Ocorre que, com a edição do CDC em 1990 (Lei nº 8078), surgiu a dúvida se a mencionada convenção deveria continuar regendo o transporte aéreo de passageiros ou se esse novo instrumento legal teria tomado para si esse papel.

Como o CDC regula as diversas modalidades de relação consumerista, é mais geral que a Convenção de Varsóvia que regula, apenas, a questão do transporte aéreo de passageiros, bagagens e mercadorias. Sendo assim, este instrumento legal é mais especial que aquele, devendo prevalecer por conta desta sua especialidade.

Posteriormente a Convenção de Varsóvia foi modificada por instrumento próprio. Protocolo de Montreal foi assinado em 28 de maio de 1999, tendo sido ratificado pelo governo brasileiro em 27 de setembro de 2006 através do Decreto nº 5910.
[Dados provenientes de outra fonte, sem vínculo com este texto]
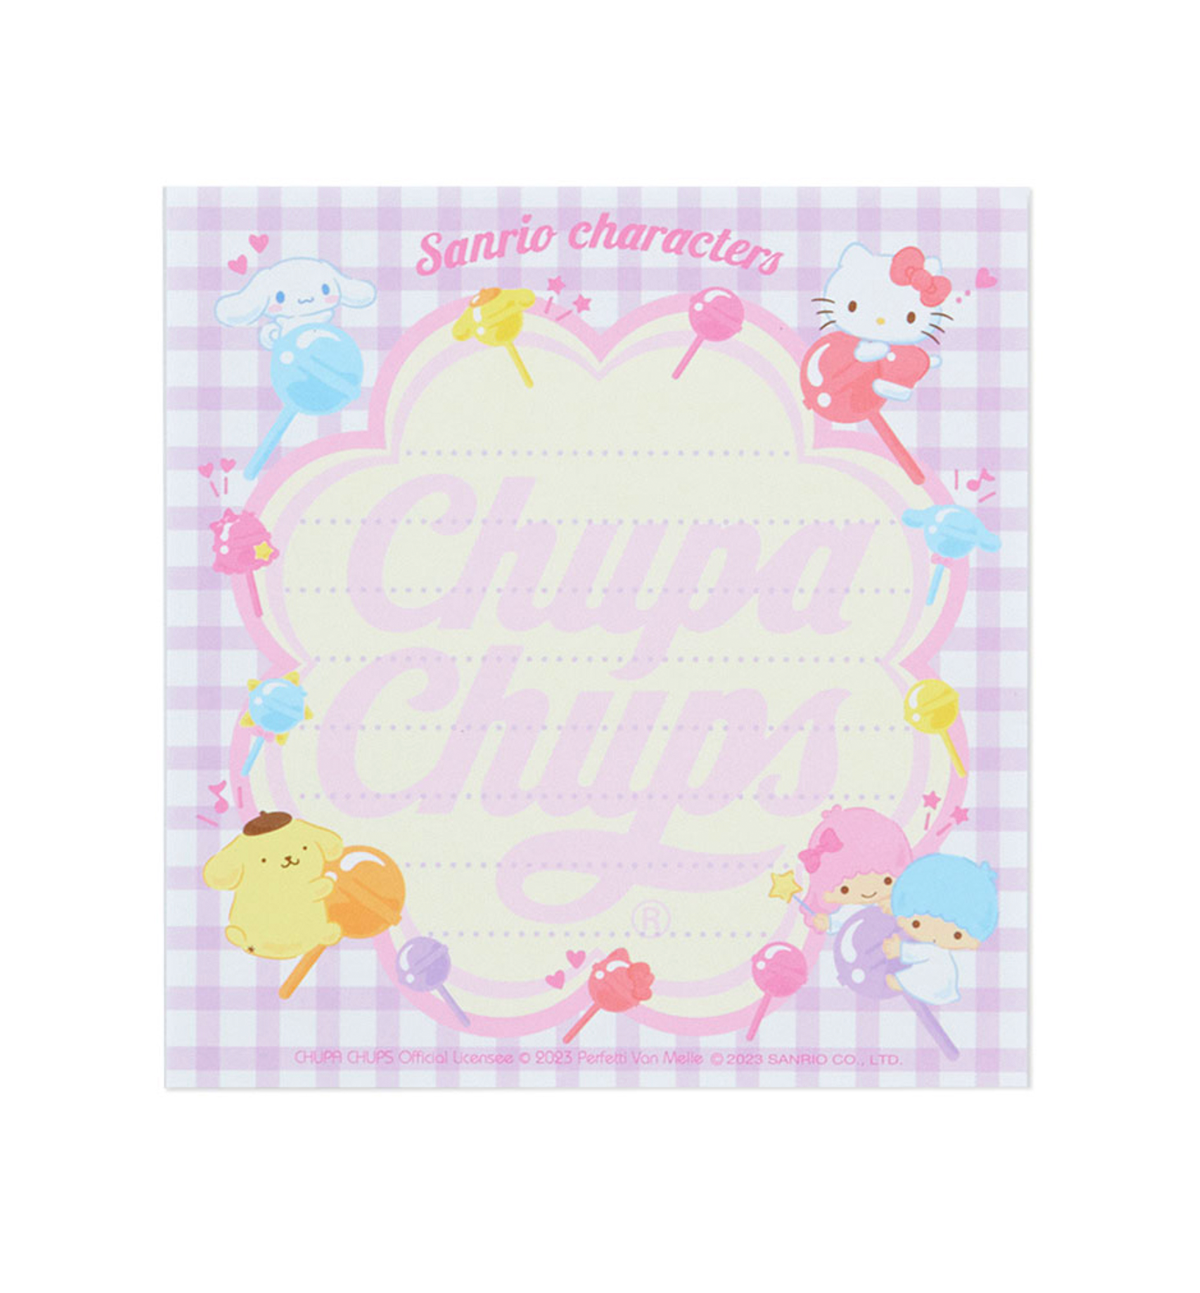 Sanrio Characters & Chupa Chups Memopad [Limited Edition]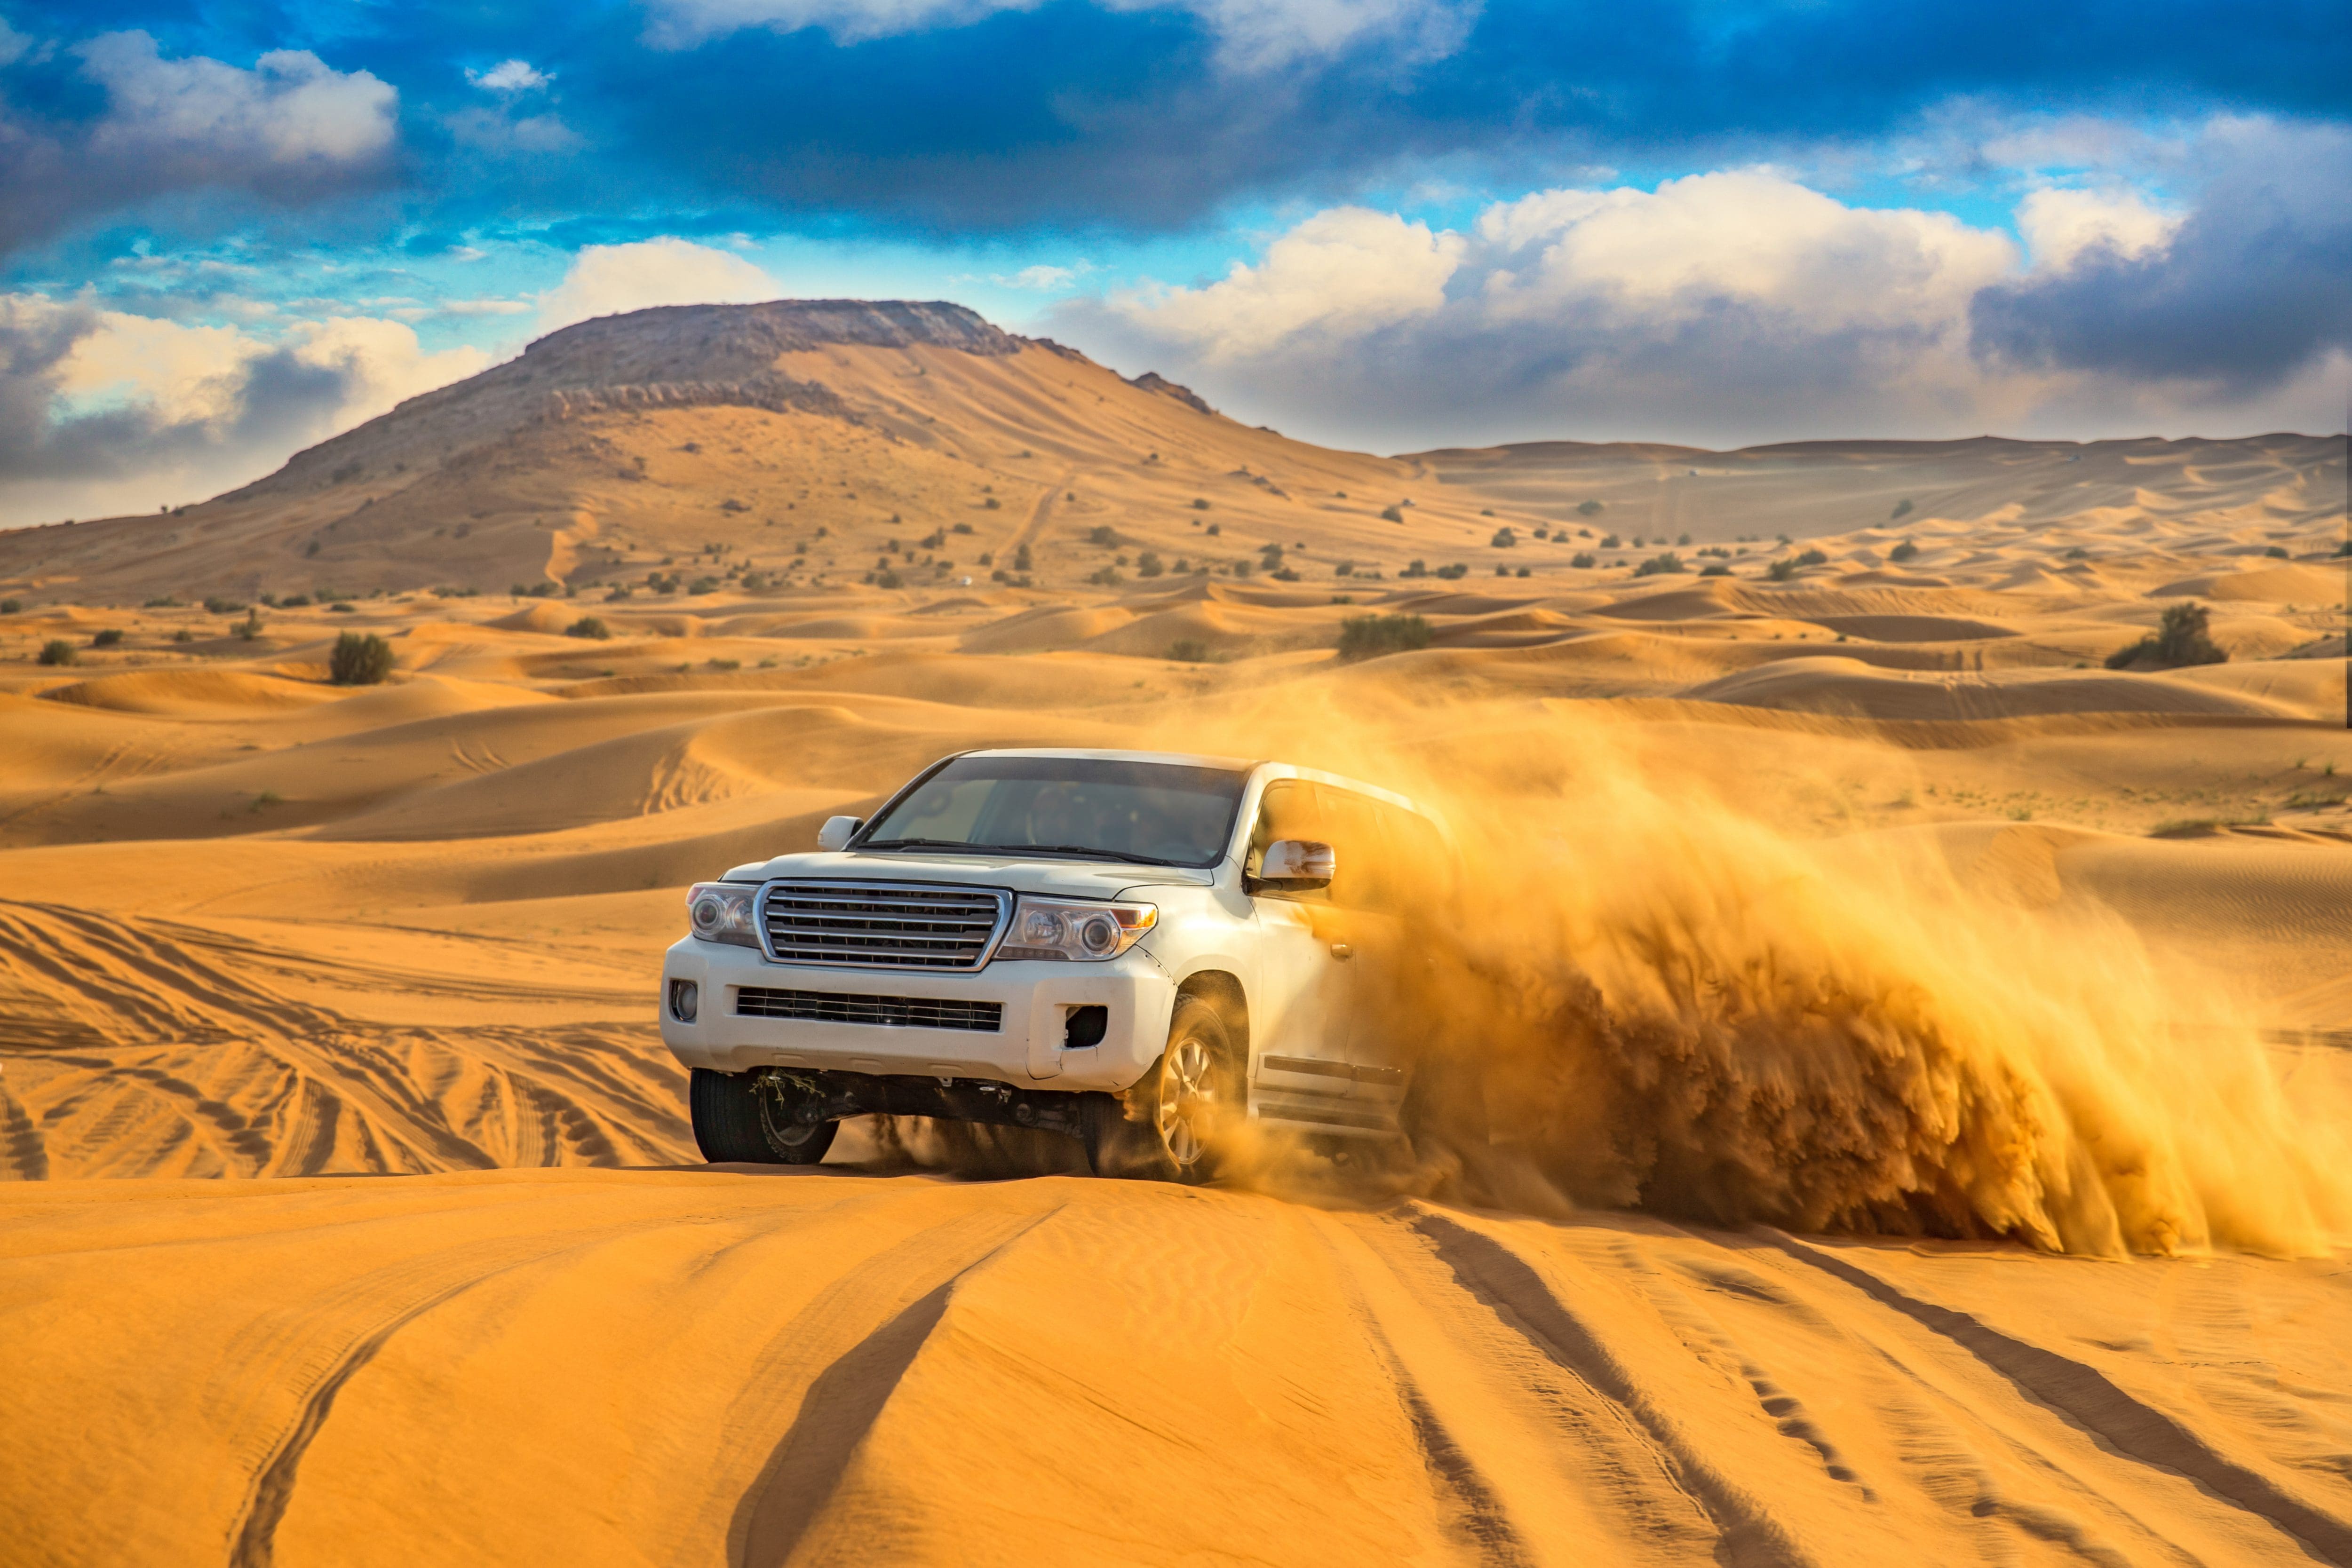 riding on desert

O Supremo Tribunal Federal, recentemente, manifestou-se sobre a matéria em duas oportunidades, no RE 636331/RJ, rel. Min. Gilmar Mendes, e ARE 766618/SP, rel. Min. Roberto Barroso, 8.5.2014. Em ambos os casos, os supracitados relatores reafirmaram o posicionamento apresentado acima de que a Convenção de Varsóvia, juntamente com seus protocolos adicionais posteriores deveria ser utilizado, pelas razões já apresentadas, como instrumento legislativo regulador da matéria em questão.

REFERÊNCIAS

HOBSBAWM, Eric. Era dos Extremos: o breve século XX. 2.ed. São Paulo: Companhia das Letras, 2010.